躁鬱社会

ピアプレッシャーこそが人々の行動を決定していると言っていいのだろうか。
この問題をどう考えたらいいのだろうか。
一時期、KYという表現がよく用いられた。
大学を卒業する学生は、就職活動をする。いずれにしろ、就職できれば、基本的に、それなりの理由がなければ解雇されない。今の日本でも、それなりに自分の生活の設計が立つ。
しかし、この就職活動。バブルの頃と、あまりに変わった。完全に買い手市場になった。どこの就職活動でも非常に高い倍率の中の「競争」になった。
基本的に、ホモサピエンスは、「ホモ・セレクテッドス」(選ばれる人)となった。人は基本的に、選ばれることで「人」になる。
ということは、どういうことか。選ばれない人は、人として否定される、ことを意味する。
選ばれ続けることで、その人は、自分を「人」と、アイデンティファイする。しかし、選ばれるということは、逆にいえばそれは「アピール」するということである。「自分はこういうキャラです」。「自分にはこんなことができます」。「自分にはこんな特徴があります」。
しかし、それらは言わば「自称」である。本来、そういったことは他人が批評することだと言えるだろう。ということは、どういうことなのだろう。「自分とは何なのか」を、絶えず「アピール」し続けずにはいられない。
こういった状態を心理学では、過剰である、つまり「病気」とか「症候群」などと命名していく。
人が人の中で、なんらかのラベリングを生きようとするとき、「過剰」になる。つまり、基本的に人は集団の中では、躁状態(マニック)、ということだ。
「盛り上がる」という表現をよく使うが、集団の中においては、人々はそういった、躁状態、を「常態」とする。
ということはどういうことだろう。
なにかの「過剰」は、常に、その「反動」とトレードオフとなる。
人は一人、ベッドに入って、電気を消して、黙って天上を見ていると、強烈なディプレッシブが襲ってくる。
「...なにやってんだろうw」。
しかし、である。
そもそも、今の社会の構造が、上記の意味で、人が人から選ばれることが、基本的に、ほとんどの場面で「当然」と考えている限り、人々がこういった、躁鬱を繰り返すのは、むしろ当然なのではないだろうか。

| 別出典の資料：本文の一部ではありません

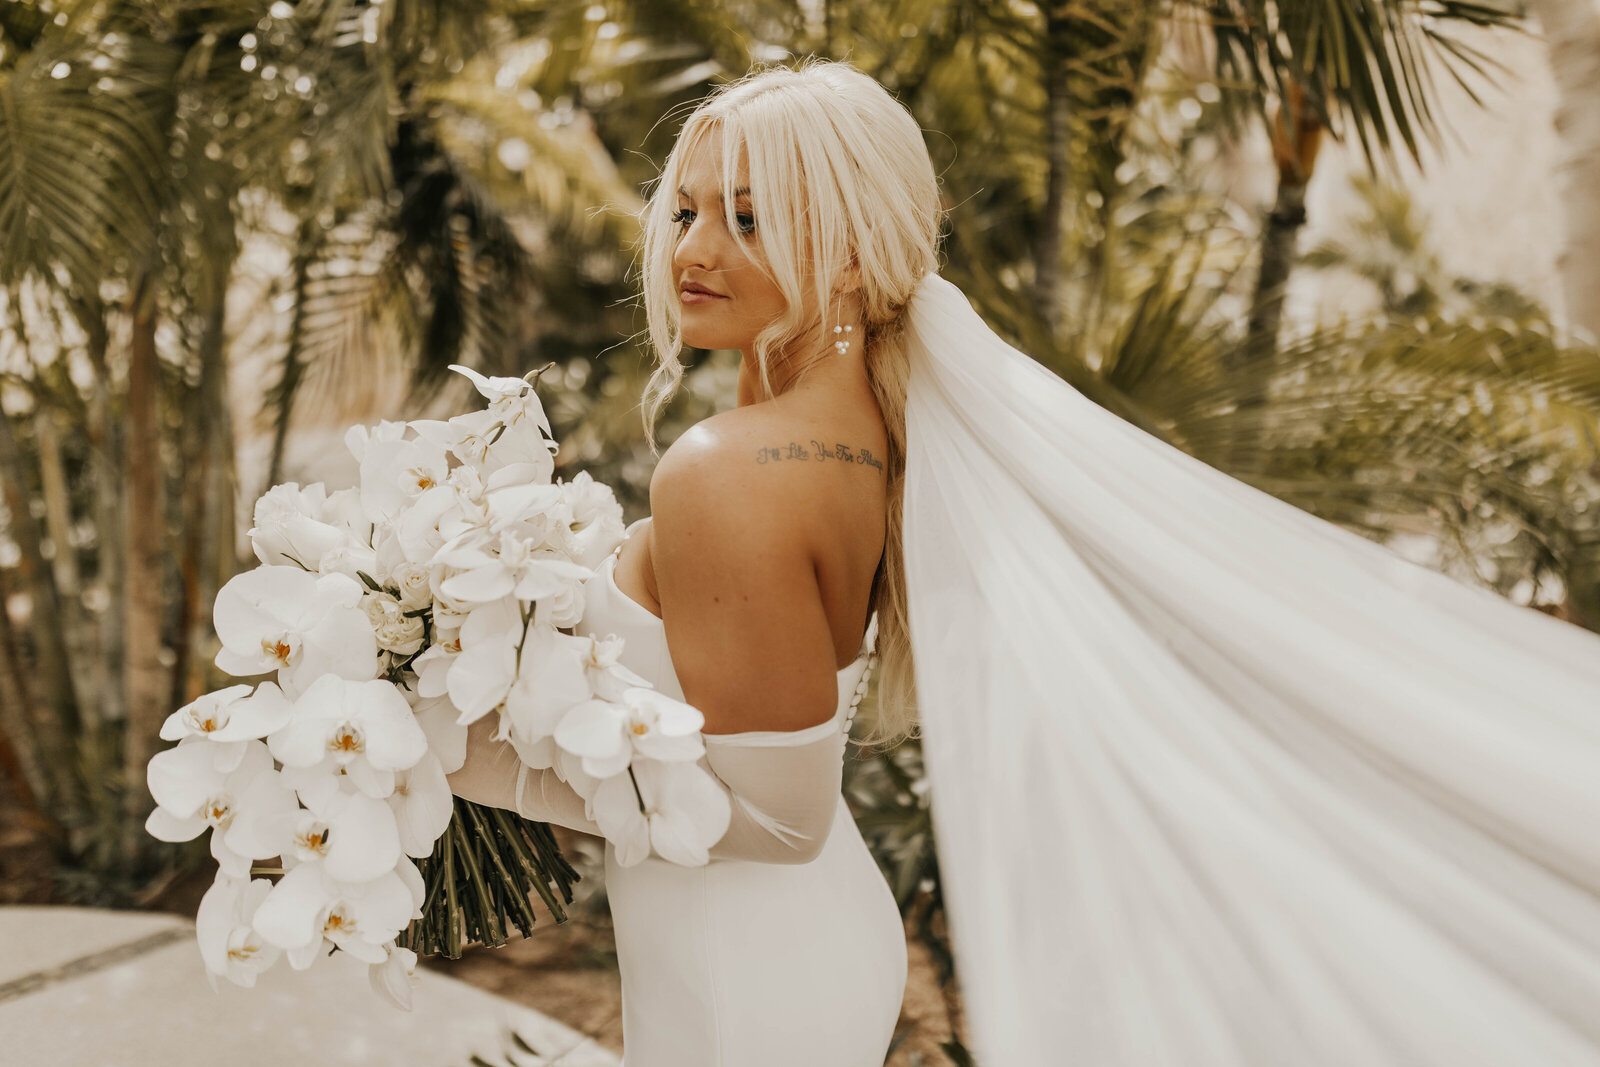 Blonde bride holding florals with long veil in front of palm trees

しかし変な言い方になるかもしれないが、そもそも、人が人を選ぶなんて、そんなに自明な行動なのだろうか。そんなに簡単なことだろうか。もし本当は、みんなそれなりに及第点で、だれでもよかったので、陰で「籤引き」で決めていたとするなら、どうだろう。
しかし、選ばれる方も、選ばれない方も、その事実は知らされることがない。
もしこんな場面に、日々、さらされ続けるとするなら、むしろ、ディプレッシブにならない方がどこか「バランスが悪い」なんてことまで言えないだろうか。

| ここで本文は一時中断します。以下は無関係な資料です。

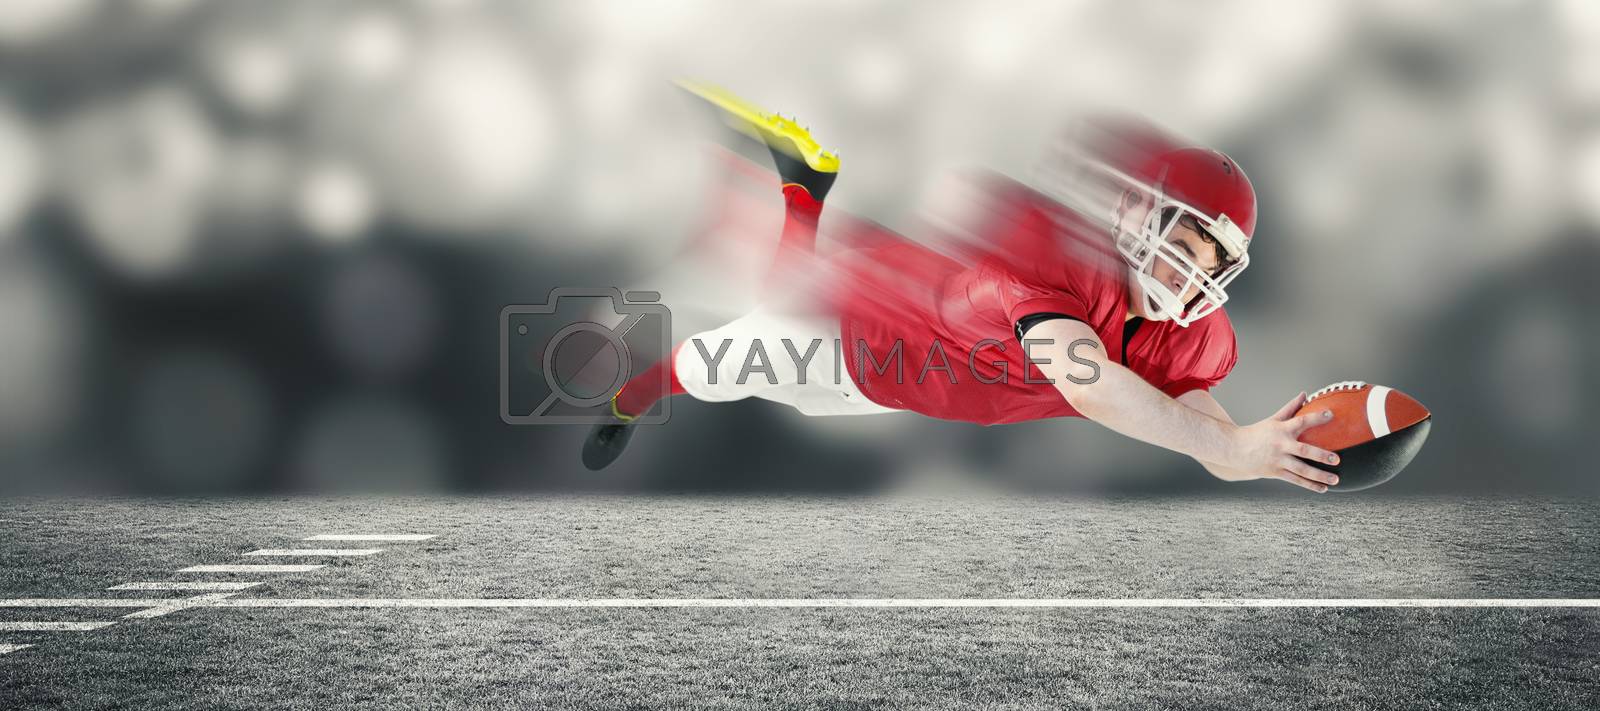 Royalty free image of Composite image of american football player scoring a touchdown by Wavebreakmedia

一時期、テレビで、ヴォーカリスト・オーディションみたいな番組がやたらと、いっぱいあった。しかし、最近は、めっきりなくなった。実際、ああいう番組は「痛かった」。出場者が極端に「権力者(選抜者)」にへりくだるようになり、みんな、しらけてくる。「こいつ、本音で話してるのかな」。
過剰な適応。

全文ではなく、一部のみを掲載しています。